Until now, research into transnational organised crime groups has concentrated on their male participants. Felia Allum is redressing the balance by analysing the presence, activities and influence of women within these groups

Transnational organised crime groups (TOCGs), like terrorist cells, have a huge influence on contemporary society, whether through their illicit traffics, money laundering techniques or random victims. Both are, unfortunately, features of the twenty-first century. And, yet we still have very little detailed evidence-based analysis of TOGCs’ illegal or legal activities, their recruitment methods, or their multifaceted accomplices across Europe. Many of the existing studies concentrate purely on the male participants within these para-state organisations, ignoring the role of women. As a result, there is a lack of understanding of women’s true involvement.
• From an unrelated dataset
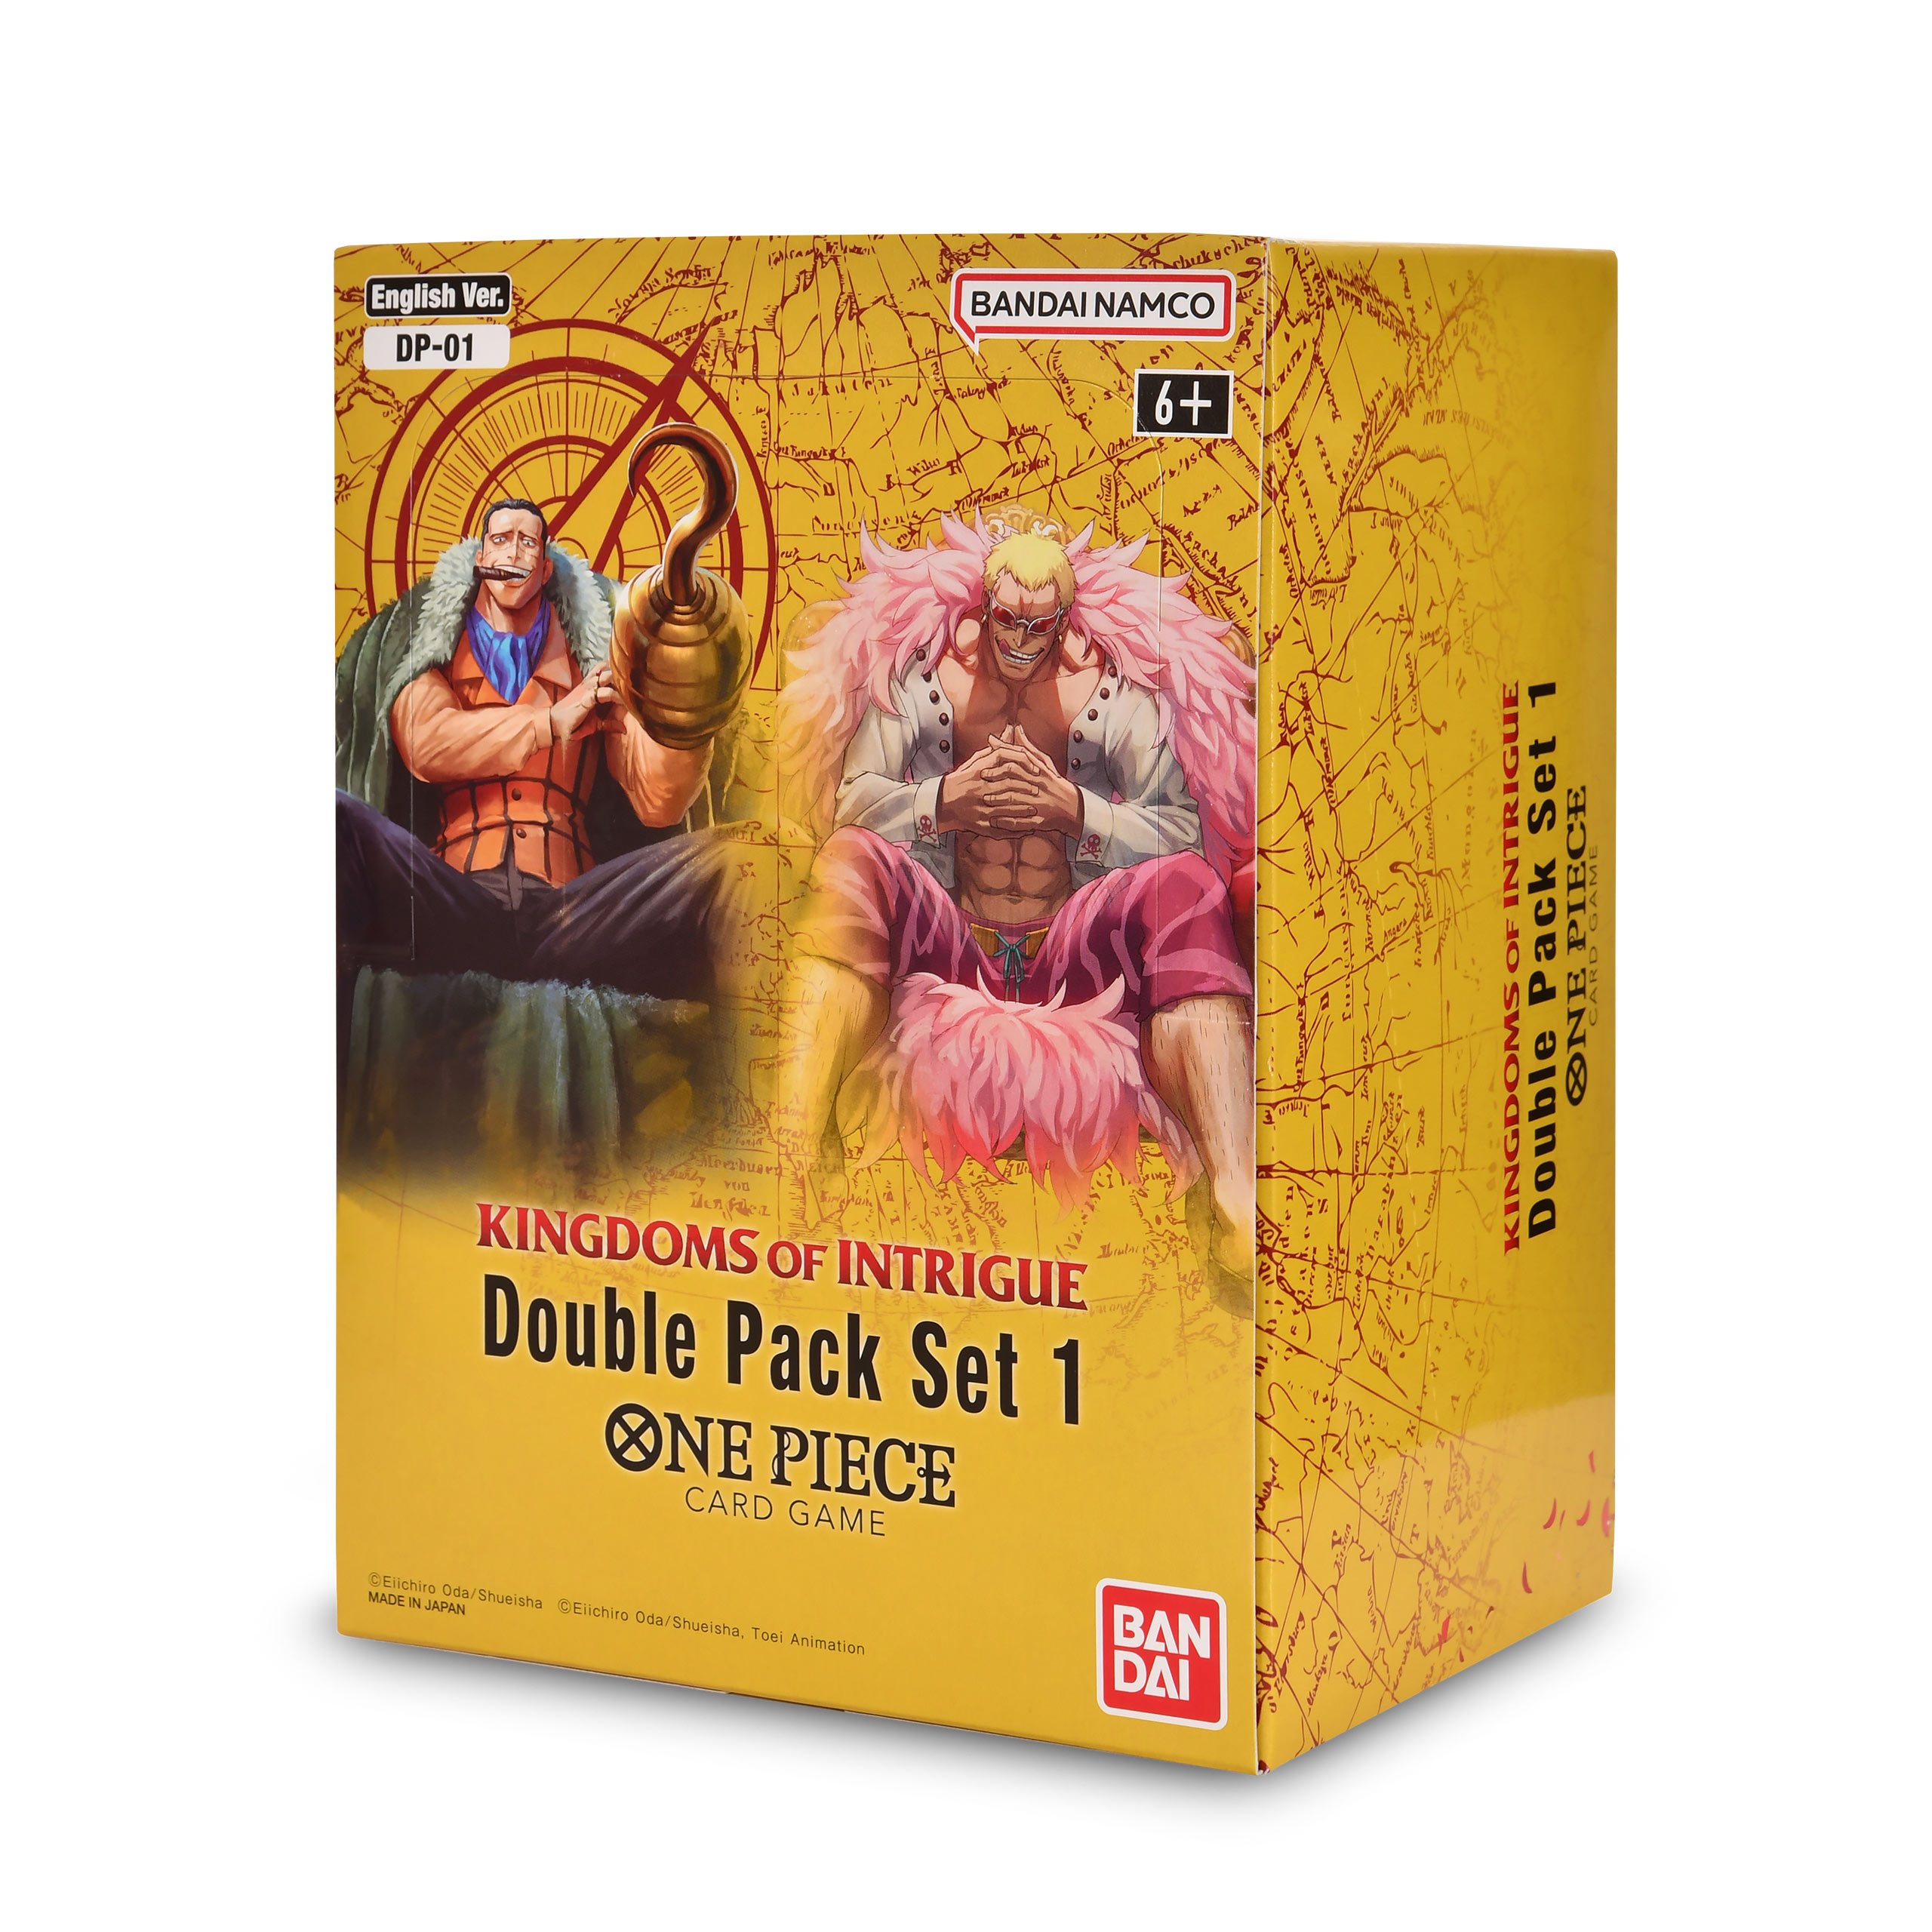 One Piece - Kingdoms of Intrigue Double Pack Set Vol.1 DP01 Booster Display

It is time to shift our focus and to examine their presence, activities and influence.
The aim of this research project is to look at the roles women play in different TOCGs, European, African and Asian. Often, their roles appear contradictory: are they active agents, neutral accomplices or passive victims? Are they managers, financial advisers or simple companions? If the latter, are they then leaders or victims? Are they included or excluded? Feminine or masculine? Violent or passive? Further, how fundamental are women to the success of TOCGs?
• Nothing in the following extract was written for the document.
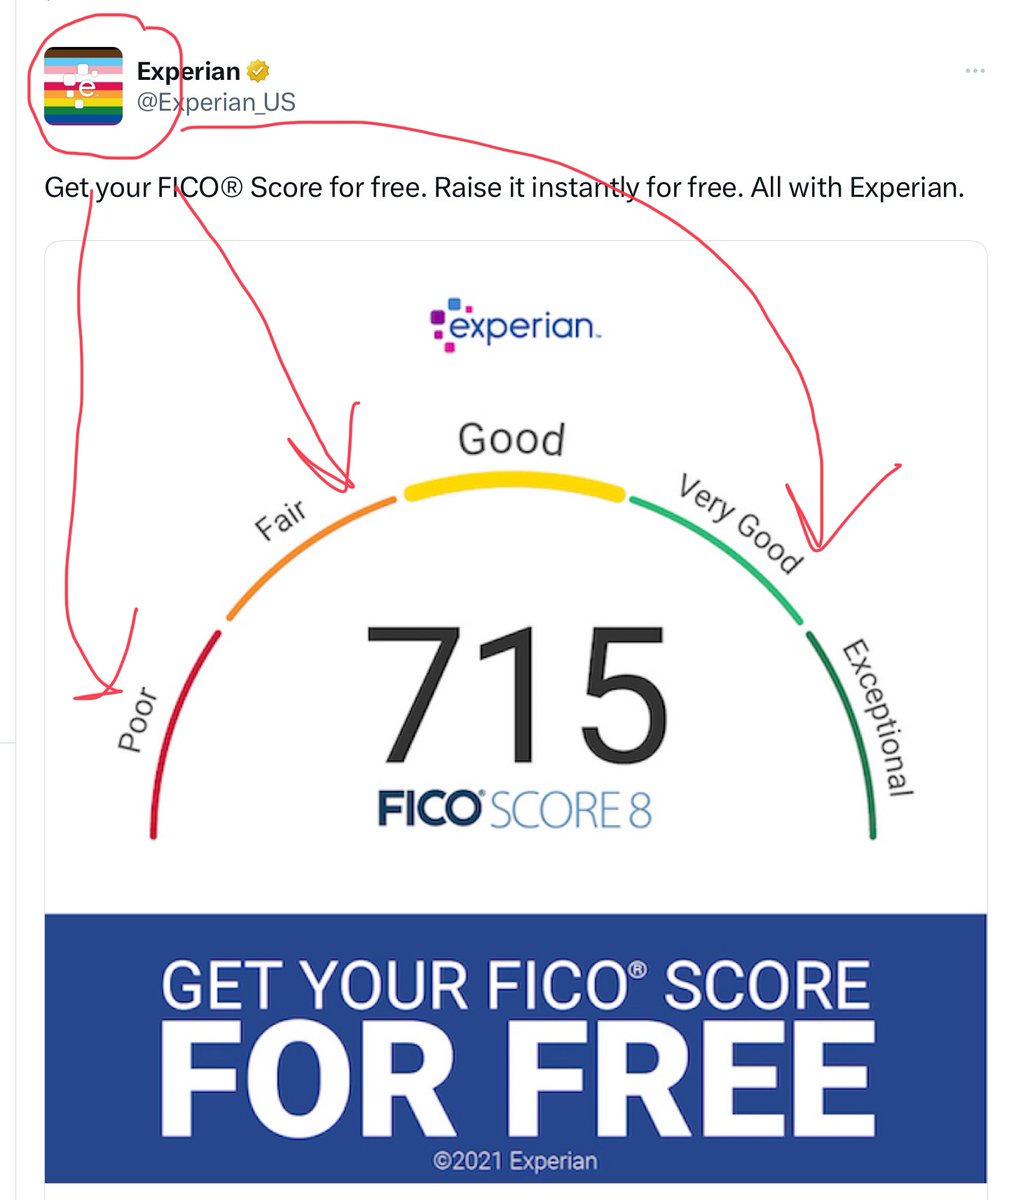 Experian is doing the flag thing, but something is wrong with color scheme.

In order to clarify these aspects of women’s involvement I will consider the following questions. Why does this gender gap exist? Why do these gender contradictions exist? Why do gender constraints persist over time and space? Why these particular gender differences and this type of stratification in TOCGs? Why does gender still matter and make a difference in TOCGs? Have law enforcement agencies underestimated women’s roles?
I hope my approach will provide the basis for a new and ground-breaking conceptual framework for understanding the roles of women in TOCGs in a global context. As a woman researcher and using a biographical and autobiographical approach, I want to listen to women and their stories to understand their criminal experiences, involvement and pasts. I will collect the cultural and intersubjective life stories and narratives of TOCGs women in order to reconstruct their involvement and participation between 1990 and 2018 and so answer my research questions.
This study will combine the analysis of historical documents (papers from court cases; newspaper and other reports) with the first-hand accounts of women involved in TOCGs viewed through a cultural lens. I will analyse the women’s experience from a variety of angles – bottom up and top down, insider and outsider, formal and informal – to decipher their life stories, motivations, strategic choices and life paths, in order to understand more fully their role within TOCGs.